Et les mésaventures continuent pour Hulk puisque le Panthéon l’envoie retrouver Achille en Israël (386-387).
En effet, l’irascible blondinet à décidé de faire cavalier seul et d’éliminer un enfant suite à une vision de Delphi qui l’a vu devenir un dictateur dans le futur.
Va alors s’engager une course poursuite dans les rues de Jérusalem entre l’enfant (et une amie à lui), Hulk, Achille, Rick Jones et l’héroïne israélienne Sabra.
Cette aventure permet à David de s’amuser et de questionner le lecteur avec la classique interrogation : « si vous aviez l’occasion de remonter le temps et d’assassiner Hitler enfant, le feriez-vous ? »
Il en profite au passage pour creuser les personnages d’Agamemnon et d’Achille.
Si le premier semble de plus en plus trouble puisqu’ ayant manipulé aussi bien Banner que son fils Achille, le second se révèle enfin presque touchant au travers de son passé.
Celui-ci est en effet un rescapé de Dachau dont l’histoire et les positions sont similaires à un Magneto, ce qui couplé aux questionnements sociaux de ces épisodes renforce d’autant plus la parenté de la série avec les mutants de Claremont.
La conclusion fera d’ailleurs grincer quelques dents.
David joue avec la maxime comme quoi derrière chaque grand homme se trouve une femme en nous révélant que l’enfant est manipulée par sa camarade de jeu.
Sauf qu’au détour d’une page l’auteur révèle à demi-mots qu’elle est la fille d’Yitzhak Rabin.
PAD questionne donc en sous-main la politique d’Israël ce qui lui valut quelques critiques à l’époque, ironie des choses pour ceux qui connaissent la judéité de l’auteur.

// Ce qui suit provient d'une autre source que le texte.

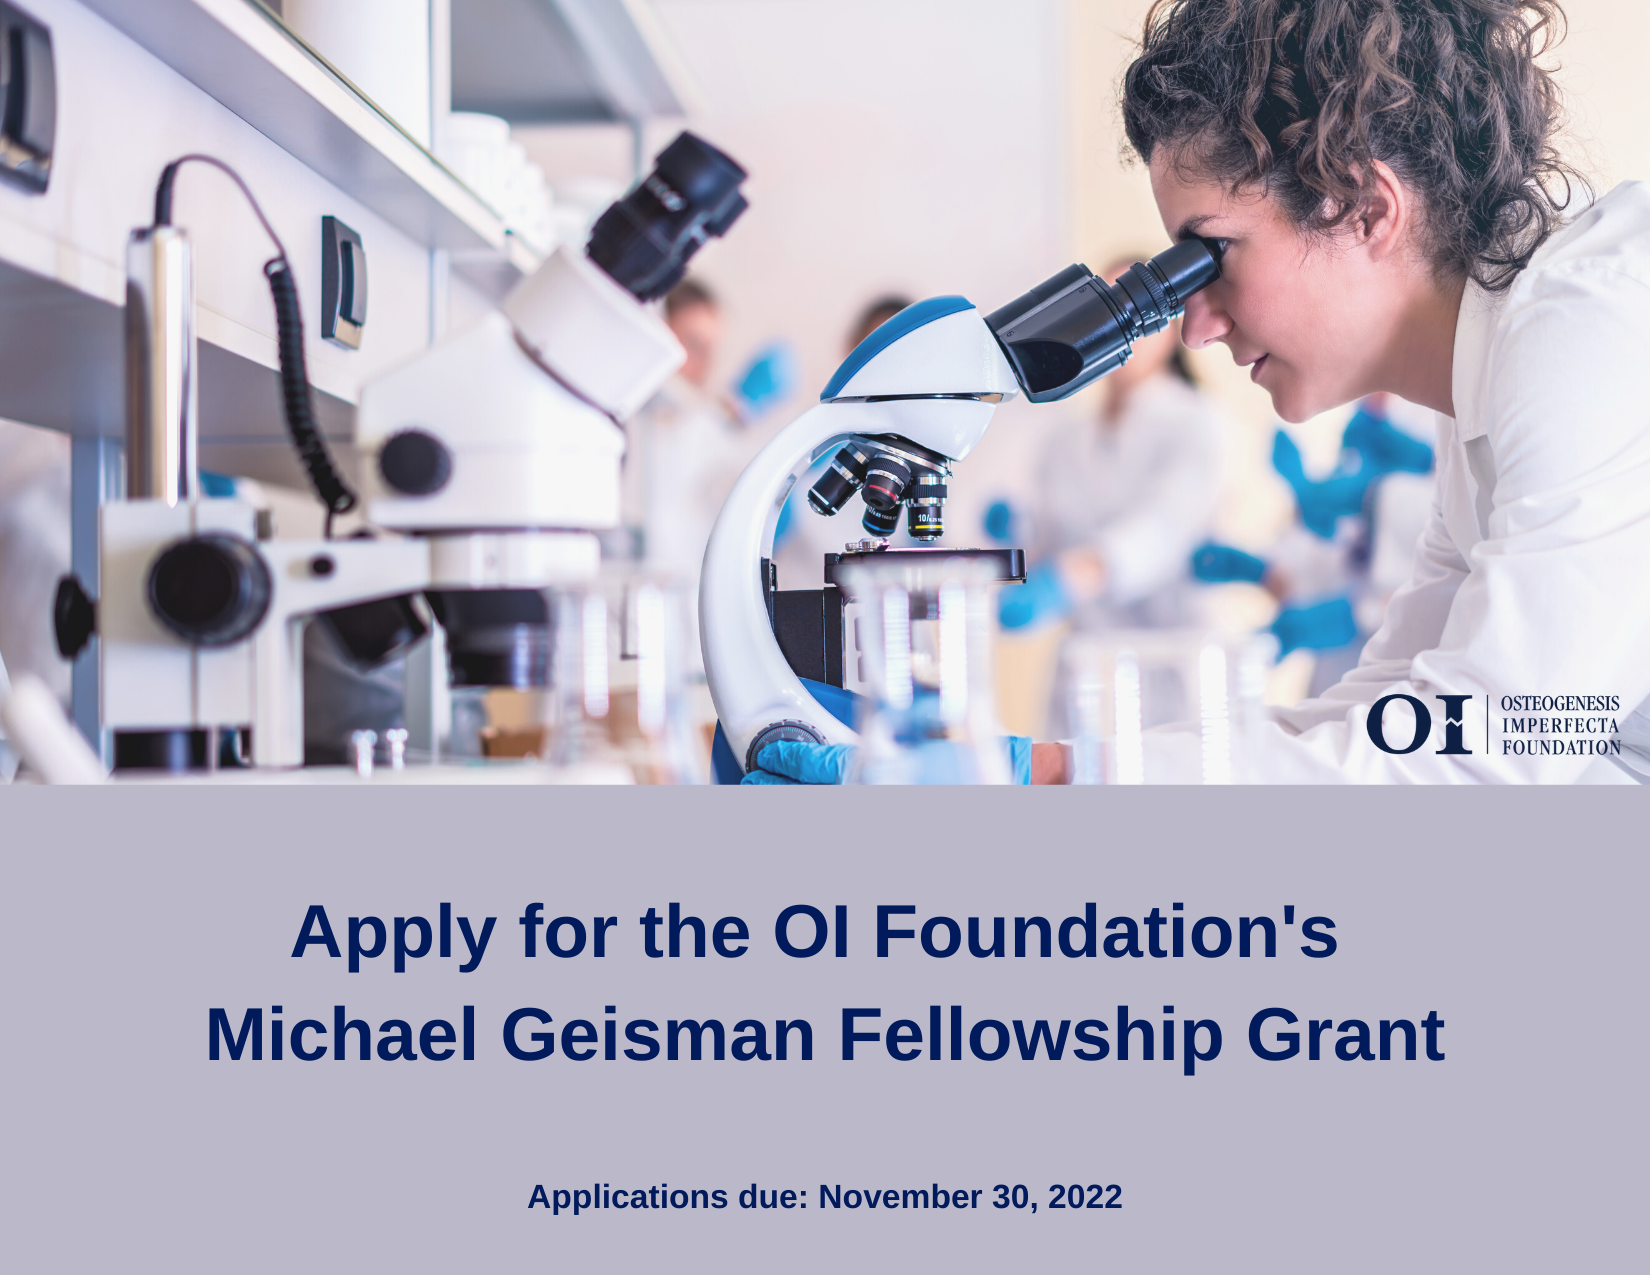 Michael Geisman Fellowship Grant – Applications Now Available

Comme toujours, l’humour et les références populaires sont là pour donner de la fraîcheur au tout.
Rick Jones est toujours utilisé de manière décalée en contrepoint comique de l’action.
Ulysse apparaît comme un voyeur coincé autant troublé qu’excité par la nudité de Delphi et Sabra déblatère toute seule face à un Hulk privé de la parole et qui ne peut donc la contredire.
David continue de truffer aussi sa série de clins d’oeil envers les choses qu’il aime que ce soit Jack Kirby, Twin Peaks, Code Quantum (répartie hilarante de Rick) ou les Simpson.
Seul petit échec, l’inclusion d’un sub-plot sur les paparazzis harcelant Betty et qui sera purement et simplement abandonné mais qui permettra plus tard d’en introduire un autre aux lourdes conséquences pour Rick Jones.
Autre légère ombre au tableau, la présence de Joe Rubinstein à l’encrage du numéro 387, professionnel pourtant émérite mais dont la plume donne des pages au trait plus cassant et beaucoup moins agréable à l’oeil.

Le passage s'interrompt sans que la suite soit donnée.